[sane-devel] [PATCH] epkowa: 16-bit on Epson 4490
Carl Troein
carl.troein at ed.ac.uk
Sun Jun 8 20:27:51 UTC 2008
Olaf Meeuwissen wrote:
> Carl Troein <carl.troein at ed.ac.uk> writes:
>
>> Hi all,
>
> Hi Carl,
Hi Olaf.
> Sorry for the late follow-up.
Ditto. :-)
>> My patch has been mentioned on this list before:
>> http://lists.alioth.debian.org/pipermail/sane-devel/2007-September/019874.html
>> but now I've split it into the actual 16-bit fix and some entirely
>> optional code cosmetics.
>
> Thanks for the patches. I'll take a look and see what, if, when and
> in what form things will make it into the epkowa backend. Please note
> that from iscan's (somewhat myopic) point of view, 16-bit support is
> not required. All scans, except bi-level, are done with 8-bit. That
> means that any 16-bit support that makes it in will be pretty much
> untested.
There seems at least to be a few people who use scanimage or xsane
for scanning with the epkowa driver, and with any luck there'll
at least be someone to notice if at any point it stops working.
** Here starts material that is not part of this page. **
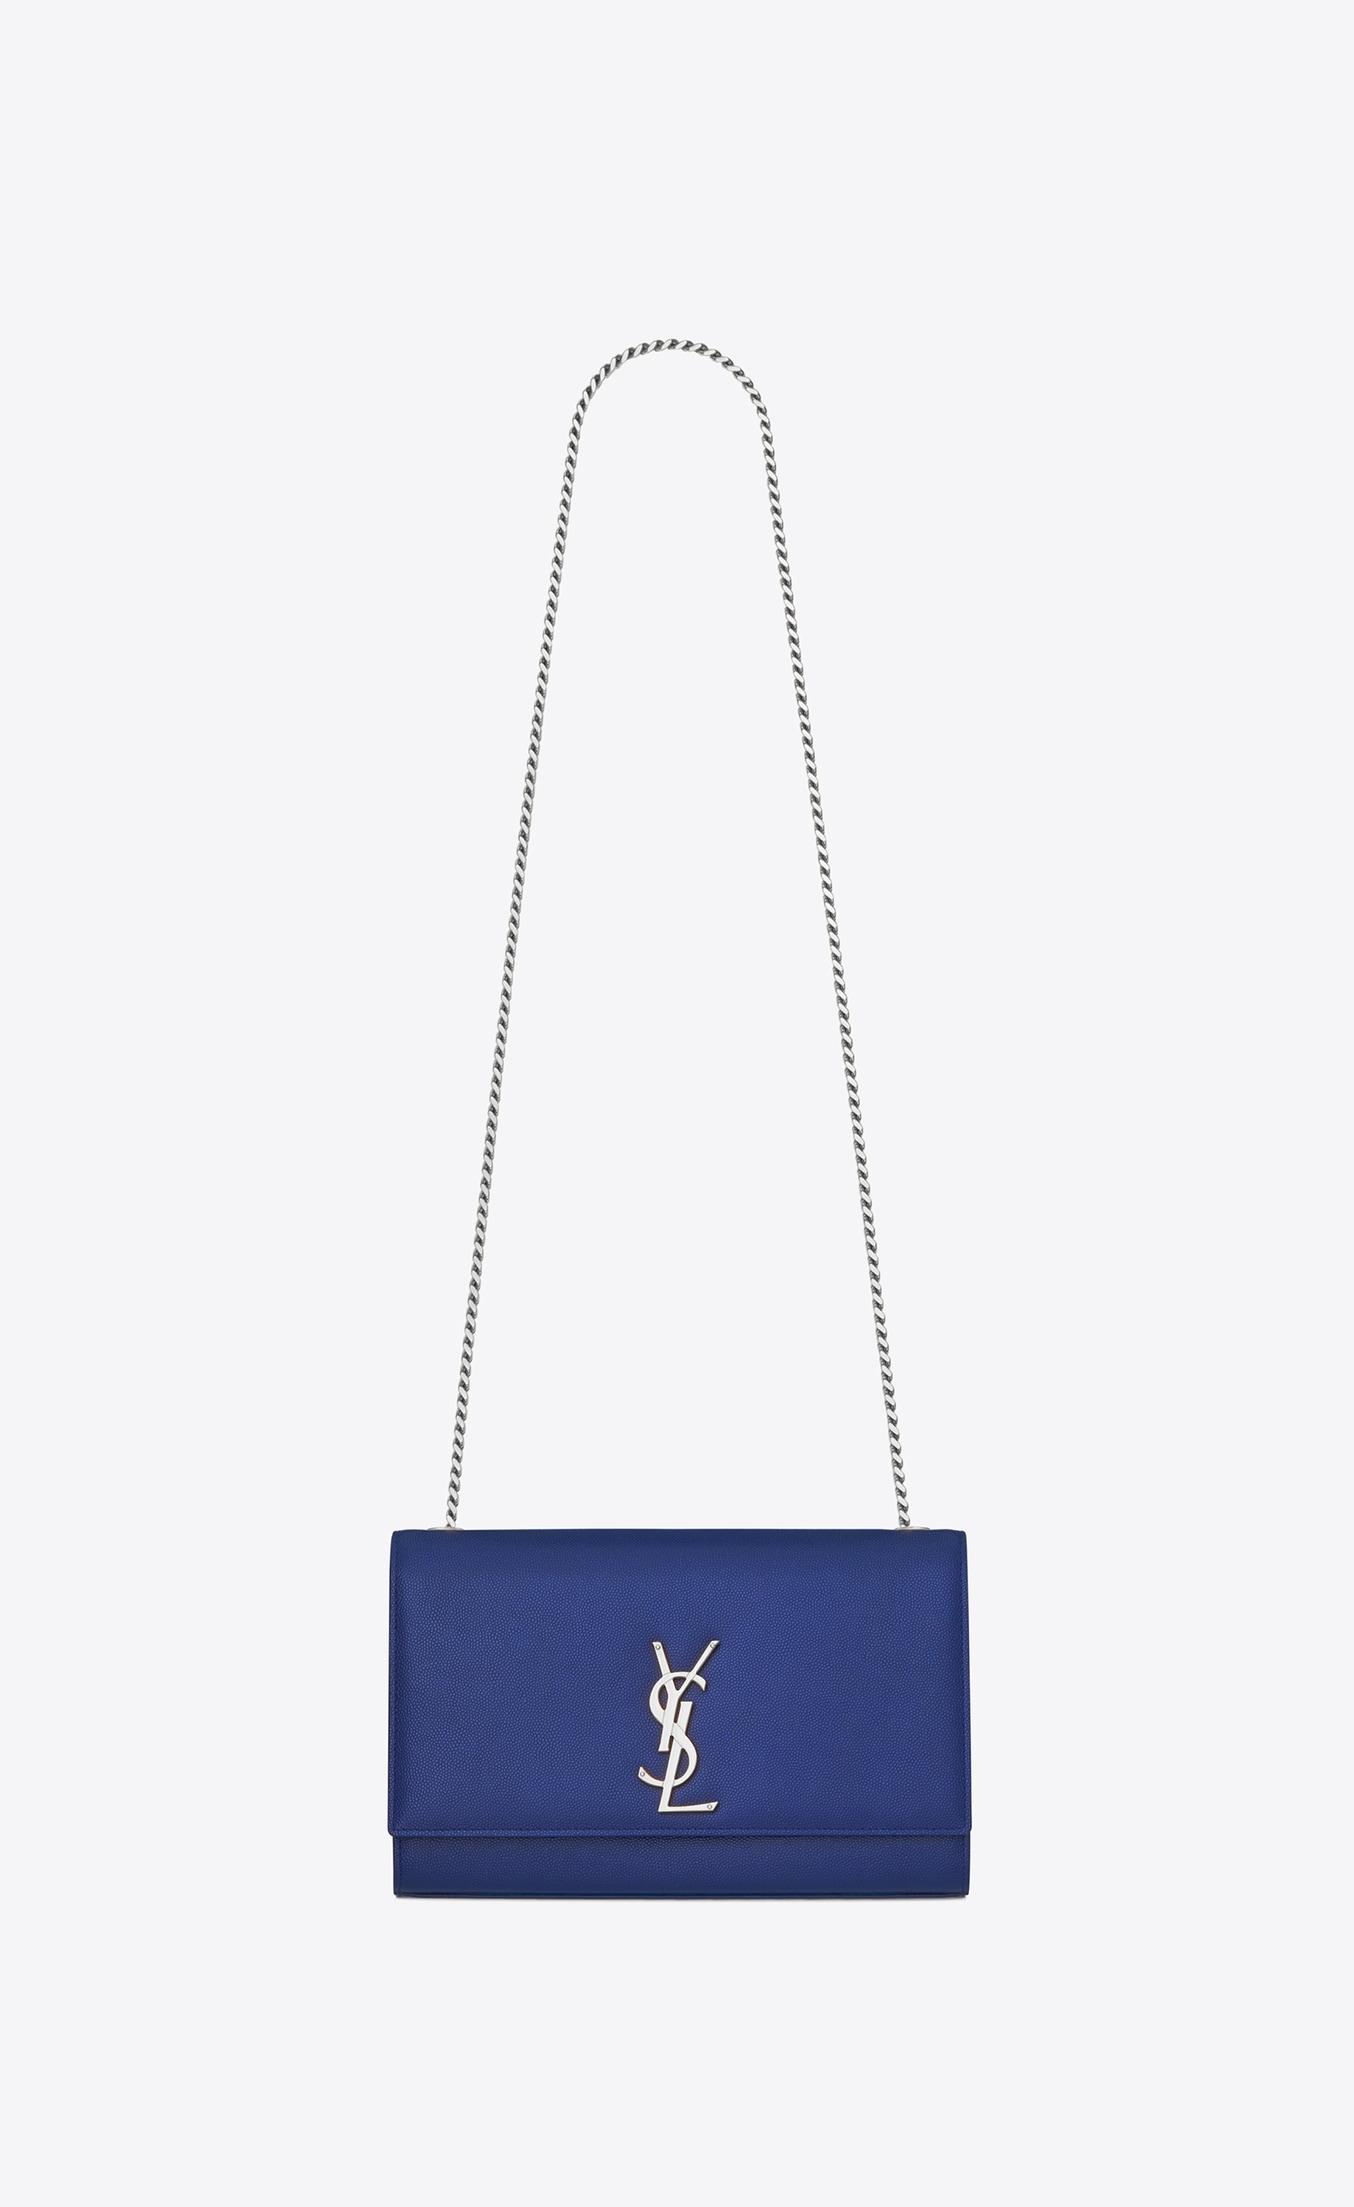 a600ec9d8d2 Saint Laurent Kate Monogram Medium Chain Shoulder Bag on Storenvy

>> The reason that 16-bit scanning didn't work is that the 4490 is a 'D'
>> level scanner, which means that it doesn't do colour correction. Instead,
>> the driver does this (which means that 16-bit raw data from the scanner
>> is all the more important to reduce discretization) but the driver
>> assumes that the data is 8-bit RGB. So the first patch merely adds a
>> 16-bit version of color_correct and a check for the depth. The modified
>> code path is only reachable for D-level scanners and should change
>> nothing for the 8-bit case.
>
> Hmm, I'd say all 16-bit scans should take that code path, irrespective
> of the scanner level (unless colour correction has been taken care of
> by the hardware already).
From what I've seen when reading the source, it's only the D level
scanners that don't do it in hardware. Or at least that's how the driver
tests whether it should call color_correct. (Though I have no idea what's
going on in the non-free parts, nor have I been sober enough to figure
out how the different parts interact.)
>> The second and third patch are just minor cleanup that should have no
>> noticable effects except on code size. The first-middle-last cases of
>> the data download are rolled into a smaller (and IMHO more readable)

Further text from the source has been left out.